Ве́стейн, Ха́лльдисхейм
1112 год от Великой Зимы
Сумрачным осенним утром, когда мутно-белёсое солнце едва встаёт из-за снежных вершин, и сонный город берётся за мирские дела, направляется к окраине досточтимая судья Гле́мсель. Хоть и неприметна она на лицо: взглядом встретишься — да не запомнишь, — но едва ль кто в Вестейне не знает верховную городскую судью, чьё слово не один спор разрешило.
Ещё и полвека, говорят, не прожила госпожа Глемсель, а мудра, как сама Со́ргюн, и об историях давно прошедших дней порою так рассказывает, будто своими глазами видела. Разное сочиняет о ней простой люд: и хорошее, и дурное, — да только до правды тем байкам далеко.
Много имён сменила она за жизнь, много ремёсел — лишь рунический амулет, сверкающий из-под подбитого мехом тяжёлого плаща, все её ипостаси помнит. Кем только ни была она: и советницей, и ремесленницей, и воительницей — разве что до кюны дорасти не успела, да и ни к чему это ей. Людям-то простым в толк не взять, что уж не полвека и даже не век Глемсель по земле ходит: долго тянется нить жизни её, как у сейды любой.
Есть поверье, что чем жизнь длиннее, тем смерть будет ужаснее — но знает она, что не в том её судьба.
Умиротворение утра нарушает чей-то заливистый хохот, перемешанный с нестройным пением; Глемсель, плотнее закутавшись в тёплый плащ, пропускает вперёд бредущую из таверны компанию пьяных женщин. Те ненароком оглядываются и тут же забывают о своей похабной песенке.
— Какая встреча, благодетельница наша! — подаёт голос одна из них и подобострастно складывает руки в приветственном жесте. — Да осветит вам путь… ик!… северное сияние, да!
Глемсель, тепло улыбнувшись, останавливается — женщины тут же окружают её плотным кольцом.
— Неужто ко мне обращаетесь?
Другая пьяница берёт её пухлую руку, украшенную обсидиановым кольцом, и крепко сжимает.
— Вестимо, к вам! Заступница для обездоленных и пример для сильных, — добавляет она. — Будто не знаете, как по городу тот вчерашний случай разлетелся… до сих пор судачат!
Припоминает Глемсель и вправду вчерашнее своё дело: судить пришлось мужчину, винимого в том, что нерадив был в отцовстве. В том, что родительскому долгу предпочёл попойки да распутную жизнь — а детям его, девочке и мальчику, жить пришлось в страхе и голоде.
— …Даже не верится, что такое приключилось, — женщина всё продолжает сетовать да трясти Глемсель за руку, — да в самом Вестейне, близ святилища богинь! Кюна-то куда смотрит?
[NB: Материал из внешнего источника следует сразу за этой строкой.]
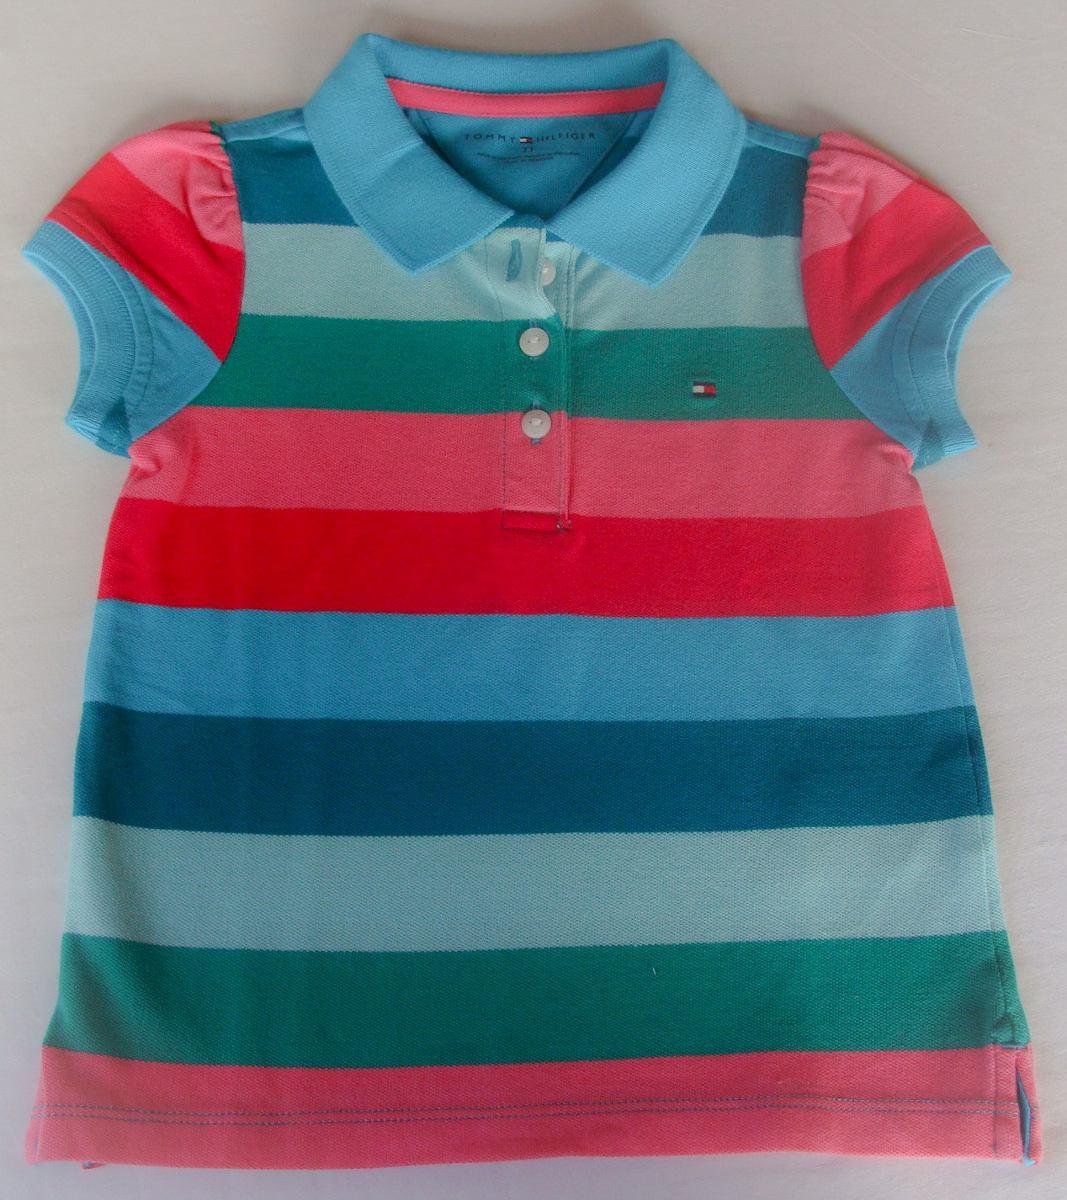 camisa polo tommy hilfiger kids para menina - lançamento! Carregando zoom. d531fffcf9c

— На Эрлендру, голубушка, на Эрлендру — что ей теперь за дело до народа! — икнув, перебивает третья, что до сих пор молчала. — Говорят, со дня на день дев щита на войну призовёт, а у меня дочка как раз… ох, да толку о том говорить! Скажите, госпожа Глемсель: правда ль, что изверг детей на цепи держал, как собак, да вместо стряпни сырое мясо бросал им на пол?
Усмехается Глемсель про себя: солнце едва взошло, а история уж успела не только в народ проникнуть, но и новыми деталями обрасти, будто снежная лавина.
— Сказать не могу, правда иль нет, — отвечает она уклончиво, — да только как увидела это чудовище, так сразу подумала: оно для родной крови и корки хлеба бы пожалело.
Женщины в ответ лишь бормочут что-то несвязное и возмущённое, перемежая слова пьяными выкриками. Людская ненависть что собачья стая, которую на кого угодно натравить можно, было бы желание: в умелых руках сила это немыслимая.
— Одна радость: гнить ему теперь в остроге, без тепла и света.
— Вот у меня дочка… — доносятся до Глемсель слова той из них, что говорит более-менее понятно, — она несносная, такая несносная — но как представлю её на месте тех детишек…
— Мальчик-то, говорят, совсем плох: мужу соседи-сплетники такого наболтали, что тот чуть в обморок… ик!… И ожоги по всему телу, говорит, и ссадины — и вообще живого места на нём не осталось… Где сейчас-то они, госпожа Глемсель?
Та уж своей дорогой идти готовилась — но негоже оставлять любопытствующих без ответа, иначе свой не преминут придумать: такой, какой самим больше полюбится.
— Мальчика вчерашним же вечером в приют определили, в закрытый, — молвит Глемсель уже более холодно, поправляя под плащом амулет. — И не пускают никого, чтоб оправился да телом окреп.
На этих словах разворачивается она, оставляя женщин с их пьяными беседами и рассеянной ненавистью, которой ещё не нашлось управы.
— А что же девочка? — доносится ей в спину последние запоздалые слова.
Обернувшись, качает головою Глемсель, и собеседницы её вмиг понимают, каков ответ будет.
— Опоздала я: слишком уж ослабевшей и отощавшей она оказалась, да и к тому же с недугом неведомым, — отвечает она наконец, тяжко вздохнув. — Вечером в лечебницу принесли — а за ночь уж угасла.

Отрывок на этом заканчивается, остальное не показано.